Шрифт:
Закладка:
— Маэтор или один из новых баронов?
— М...милорд, я не знаю и вряд ли осмелюсь...
— Каковы твои предчувствия, верный Роагалоу?
Капитан стражи нервно огляделся по сторонам. Эл криво улыбнулся и наклонился, чтобы приложить ухо прямо к губам мужчины.
— Лимматор, — хрипло выдохнул офицер. Эл кивнул и отступил назад. Неудивительно, если Роагалоу был прав: Лимматор был единственным бароном — или лордом — в Галадорне, более занятым в темных углах взятками, угрозами и поножовщиной, чем Маэйтор Многошепчущий.
— А теперь иди ужинать, — сказал он измученному офицеру стражи. — Мы поговорим позже. Роагалоу и трое его людей поспешили наружу. Эл старался не вздыхать, пока прихожая не опустела.

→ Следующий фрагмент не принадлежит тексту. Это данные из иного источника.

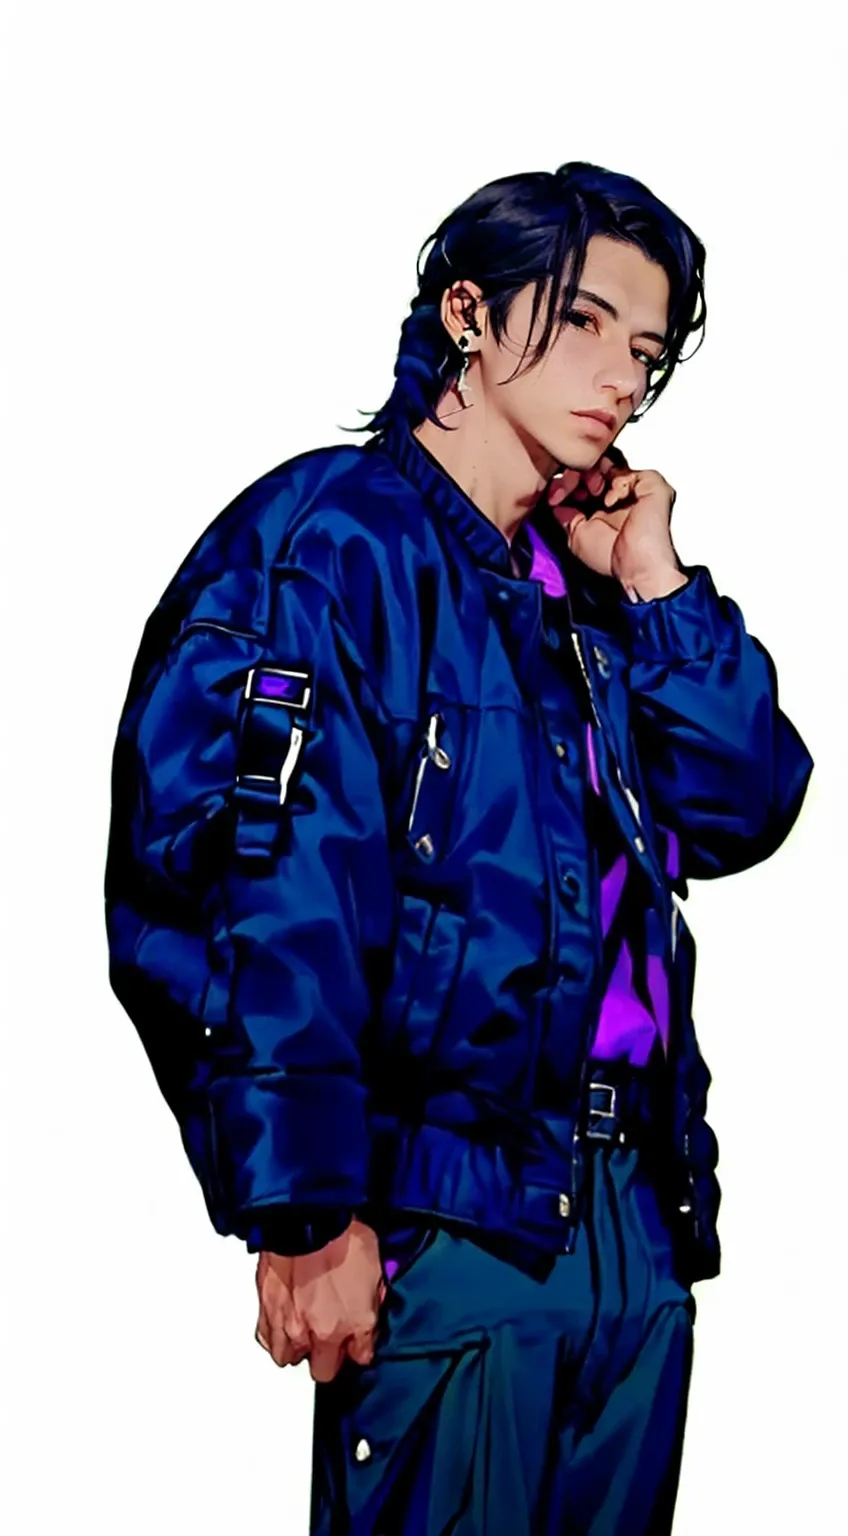 qaiwachgan face, beautiful final fantasy male, man in a purple black jacket, wearing a bomber jacket, wearing an aviator jacket, Brown pants, full body close-up shot, wearing ripped flight suit, close up half body shot, egocentric boy pose, main character, handsome, black hair, brown eyes, western, VERY HANDSOME, age 25, perfect lips, perfect hands, ear dangle earring, alpha male type, short black hair, standing against a plain white wall, purple final fantasy cinematic lightning, professional lighting, sunbeam, bokeh, dramatic lighting,

Он что-то пробормотал и слегка пошевелил двумя пальцами. За одной из стен послышался слабый стук, когда шпион там внезапно заснул. Эл невесело улыбнулся участку стены и воспользовался потайной дверью, которую он хотел сохранить в секрете еще немного, пройдя по темному проходу в одну из заброшенных и пыльных скрытых комнат в Доме Единорога. Немного времени наедине с собой, чтобы подумать — это редкое сокровище, которым некоторые люди пренебрегают... а другие, действительно обделенные жизнью, просто не могут себе позволить. В этом году уже погибло три барона, один из них с кинжалом в горле в двух шагах от входа в тронный зал, и шесть — нет, семь — меньших лордов. Галадорна превратилась в гнездо гадюк, нападающих друг на друга с обнаженными клыками всякий раз, когда им вздумается, и придворный маг не был счастливым человеком. У него не было друзей; все, с кем он подружился, вскоре заканчивали тем, что по утрам невидяще пялились в потолок. За каждой дверью во дворце раздавался шепот, и никогда не было настоящих улыбок, когда эти двери открывались. Эл даже начал привыкать к виду темных полос крови, вытекающих из-за закрытых дверей; возможно, ему следует издать указ, приказывающий снести и сжечь все двери в Нетраре. Ха-ха. Он начинал оправдывать прозвище, которым, как он знал, его называли за спиной: «губошлеп, извергающий указы». Бароны и лорды постоянно пытались подорвать королевскую власть или даже открыто разбойничать при дворе, а его госпожа-наставница ничем не помогала, слишком редко используя свои заклинания, чтобы вызвать какой-либо страх, который, в свою очередь, мог породить послушание. Слева от него послышался слабый царапающий звук. Эльминстер потянул за правую ручку, и панель открылась. Двое молодых гвардейцев вглядывались в полумрак.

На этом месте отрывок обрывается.